Eine Aufklärung der Fragen zur ordnungsgemäßen Vollmacht, zur Aufgabe der Mietwohnung bei Eintritt in den Ruhestand, zur Zwangslage der Verkäuferin und zum Verkehrswert des Grundstücks musste sich dem Verwaltungsgericht schon deswegen nicht aufdrängen, weil es hierauf nach seiner Rechtsauffassung nicht ankam. In den Entscheidungsgründen ist im Einzelnen dargelegt,
- dass sich aus der erteilten Vollmacht kein Hinweis auf eine manipulative Verschleierung beim Erwerb des Grundstücks ergebe,
- dass das Innehaben einer Mietwohnung dem Erwerb eines Einfamilienhausgrundstücks nicht entgegengestanden habe,
- dass der Rechtsvorgänger der Beigeladenen sich eine eventuelle Zwangslage der Verkäuferin nicht zunutze gemacht habe und
- dass nicht der Verkehrswert des Grundstücks, sondern der von der Preisstelle festgesetzte höchstzulässige Kaufpreis maßgeblich gewesen sei.

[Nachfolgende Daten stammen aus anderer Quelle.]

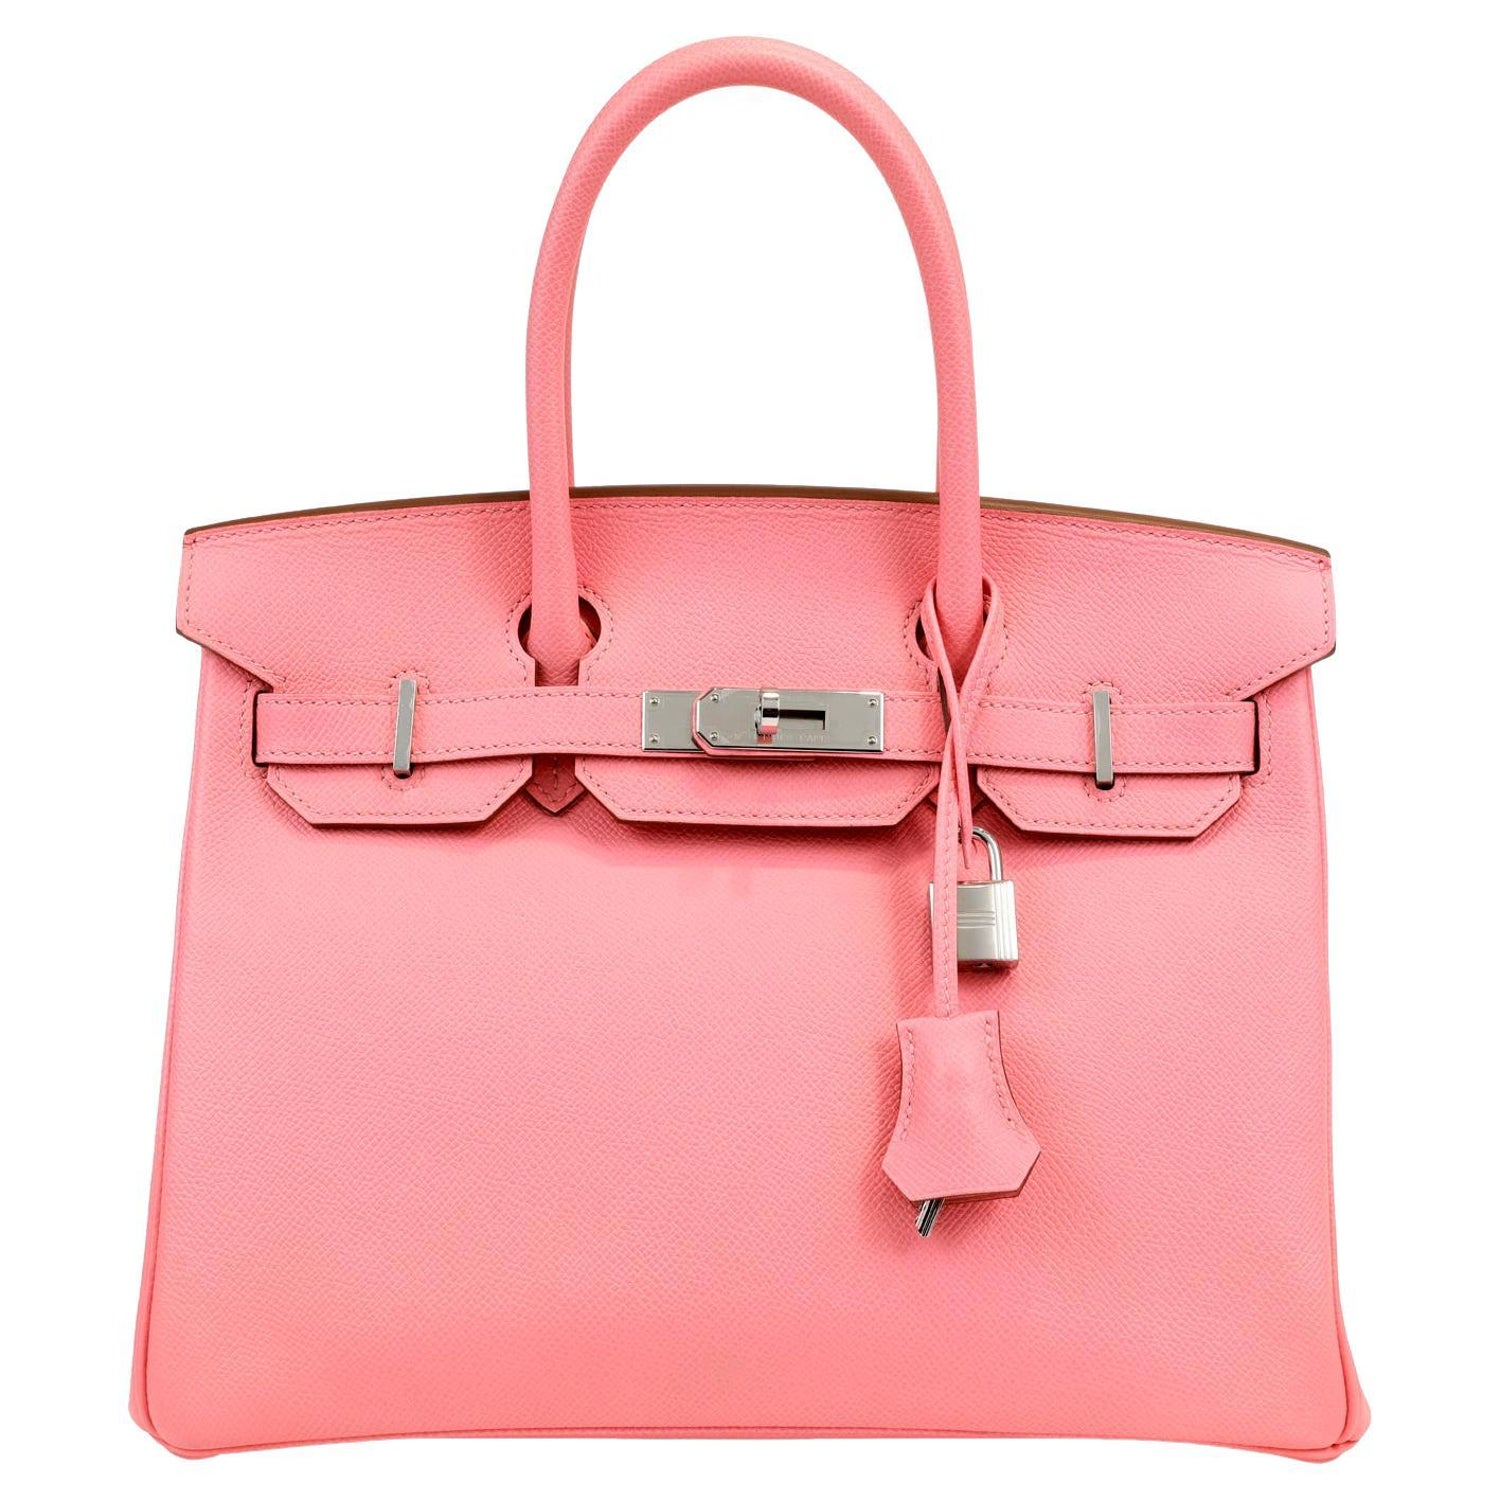 Hermes Pink Birkin - 159 For Sale on 1stDibs
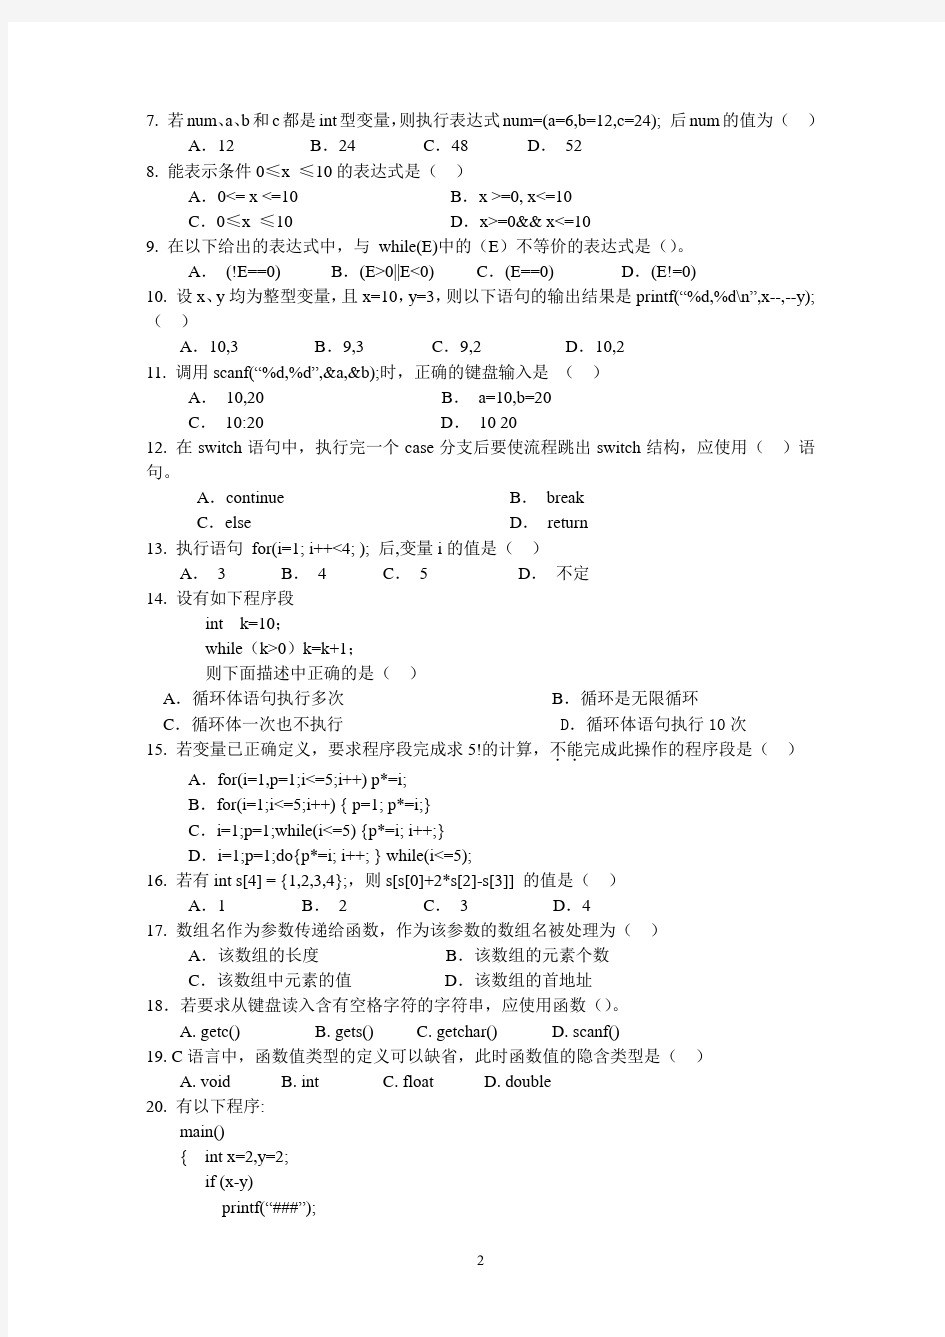 华农-2008第二学期 程序设计 语言A试卷

Die insoweit erhobene Aufklärungsrüge zielt in Wahrheit gegen die Sachverhalts- und Beweiswürdigung des Verwaltungsgerichts, die dem materiellen Recht zugeordnet ist; mit derartigen Angriffen lässt sich die Zulassung der Verfahrensrevision nicht erreichen. Gleiches gilt für die Frage, was es mit der Bezeichnung des Grundstücks als "Intelligenzheim" auf sich habe. Das Verwaltungsgericht hat den Standpunkt vertreten, dass damit ein Eigenheim eines Mitglieds der Bevölkerungsgruppe der "Intelligenz" gemeint gewesen sei, der der Rechtsvorgänger der Beigeladenen als Geisteswissenschaftler und Präsident, später Vizepräsident der Deutschen Akademie der Wissenschaften angehört habe. Diese Rechtsauffassung ist, selbst wenn sie in der Sache nicht zutreffen sollte, jedenfalls nicht verfahrensfehlerhaft zustande gekommen. Die Auslegung des Begriffs gehört zum materiellen Recht. Der Frage, ob der Grundstücksverkauf der Grundstückskontrollverordnung unterlag, hätte das Verwaltungsgericht allenfalls dann nachgehen müssen, wenn Anhaltspunkte dafür bestanden hätten, dass die Ausreiseabsicht der in Ost-Berlin wohnenden Verkäuferin des Grundstücks den staatlichen Stellen bekannt war (vgl. § 4 Abs. 1 der Verordnung). Dazu bringt die Beschwerde nichts vor. Gegen eine solche Kenntnis spricht der Hinweis in der vom Amt für Grundstückskontrolle erteilten Siedlungsgenehmigung vom 6. September 1952, wonach das Grundstück nicht den Bestimmungen der Grundstückskontrollverordnung unterlag. Angesichts dessen musste das Verwaltungsgericht nicht klären, ob der Grundstücksverkauf mangels Genehmigung des Amts für Grundstückskontrolle i.S. des § 12 Abs. 1 der Verordnung unwirksam war.
Von einer weiteren Begründung sieht der Senat gemäß § 133 Abs. 5 Satz 2 VwGO ab. Die Kostenentscheidung folgt aus § 154 Abs. 2, § 159 Satz 2 und § 162 Abs. 3 VwGO, die Streitwertfestsetzung beruht auf § 14 Abs. 1 Satz 1 und Abs. 3 i.V.m. § 13 Abs. 1 Satz 1 GKG.